# Shortcuts for Studio Mode



## w00looo (Sep 15, 2017)

Hello,
I just got an Elgato Stream Deck and I am a little disapointed : I use OBS in Studio Mode, and was hopping to switch scenes in PREVIEW before I TAKE them to the program. Like I do when I work on a tricaster for example.

Unfortunately shortcuts only work for taking the scenes directly, without previewing first. While it is great for gamers, I was hopping there was going to be a way to do this like I do.

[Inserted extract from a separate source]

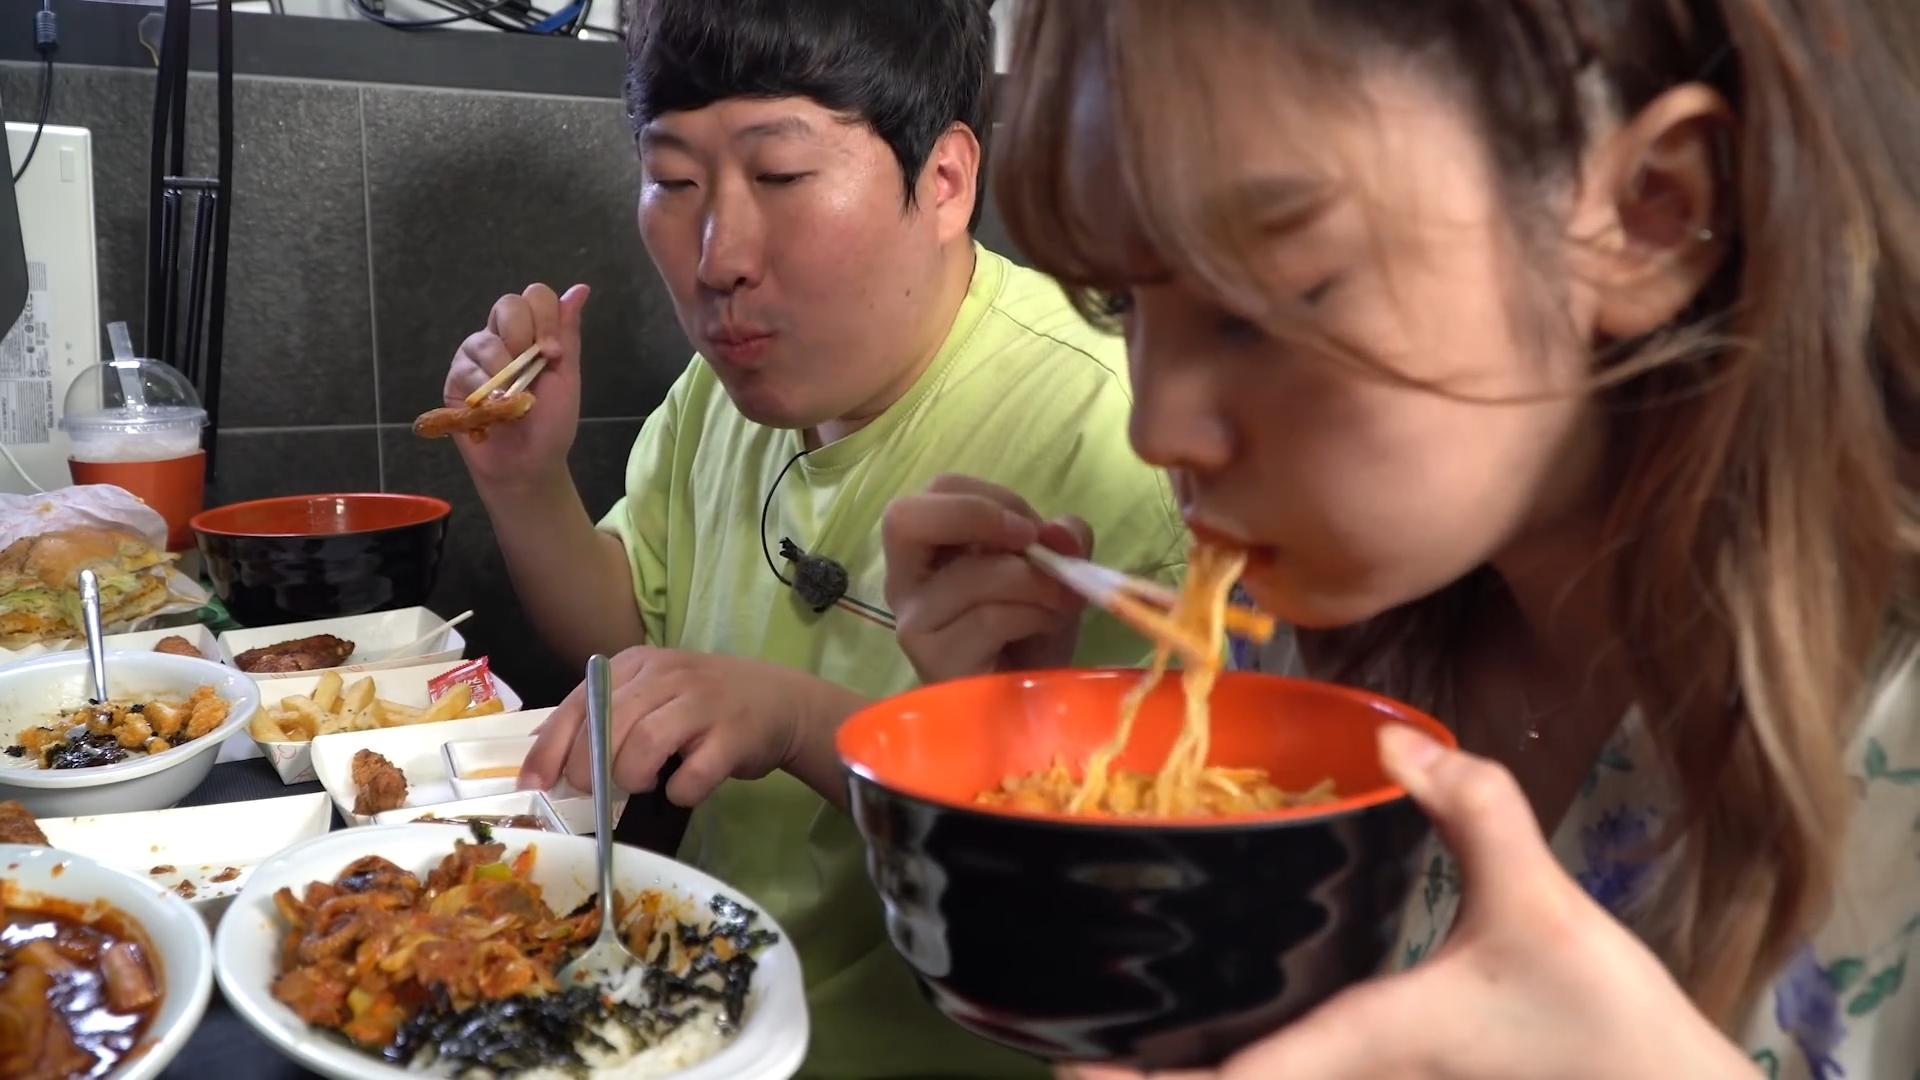 和美女一起吃网吧的各种美食!美女朋友亲自下厨做的炸鸡超好吃~
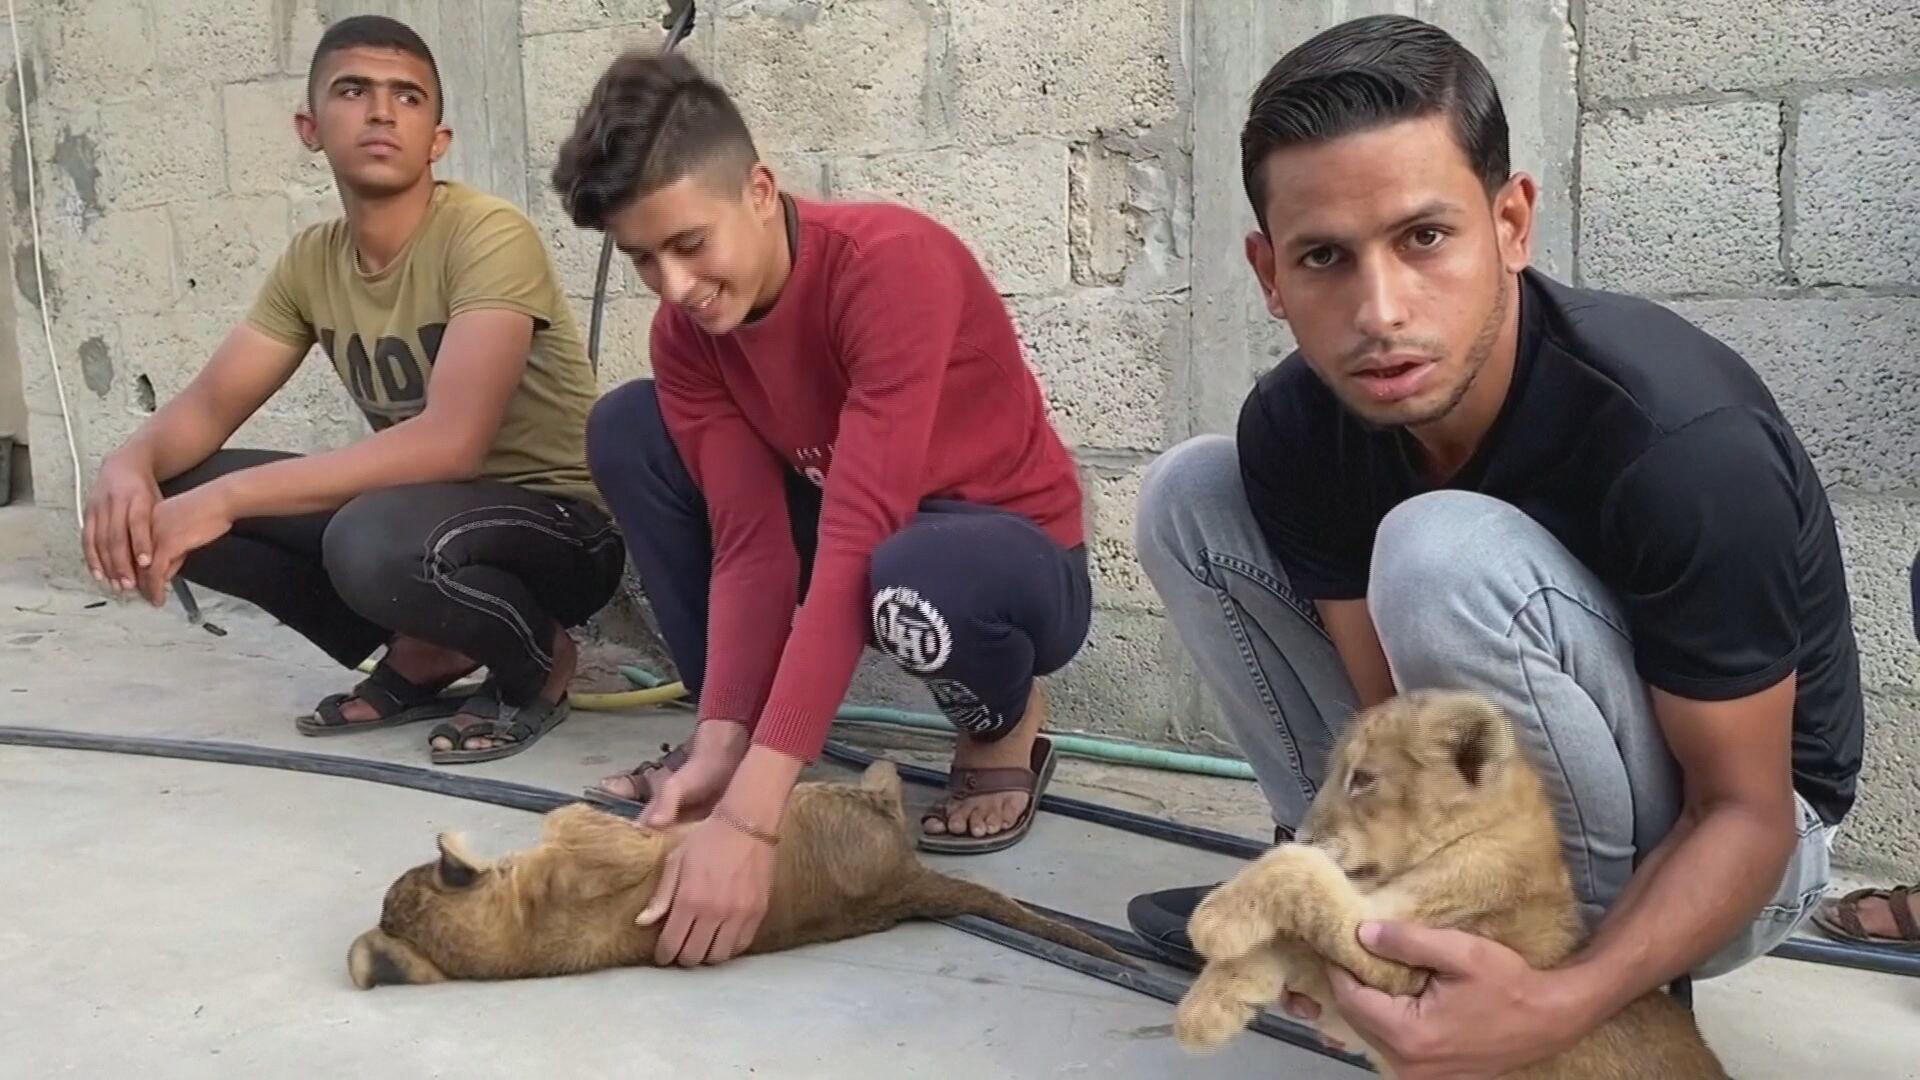 Filhotes de leão são criados em terraçõ de casa em Gaza, no Oriente Médio

The workaround is to use as little Scenes as possible, use many sources on top... But there are down sides... It would be really awesome if you guys are adding shortcuts for each scenes.

Thanks !

EDIT : setting up shortcuts in OBS and Elgato software, it works as expected. So Happy !! This is great, since I have the best of both world now (being able to preview, aswell as take scenes quickly if needed)


----------



## dodgepong (Sep 15, 2017)

This sounds more like an issue with the Stream Deck, not OBS. There should be a way via the API to switch preview scenes and trigger transitions. I would contact Elgato to request that feature, not OBS.


----------



## npudar (Apr 5, 2020)

w00looo said:


> EDIT : setting up shortcuts in OBS and Elgato software, it works as expected. So Happy !! This is great, since I have the best of both world now (being able to preview, aswell as take scenes quickly if needed)



Can you please explain how you did that? I would love to have a button that would toggle the Studio Mode, another for Fade -- and when it is in Studio Mode for my Scene selectors to only change the Preview screen.  Is this possible with what you did? Thanks.


----------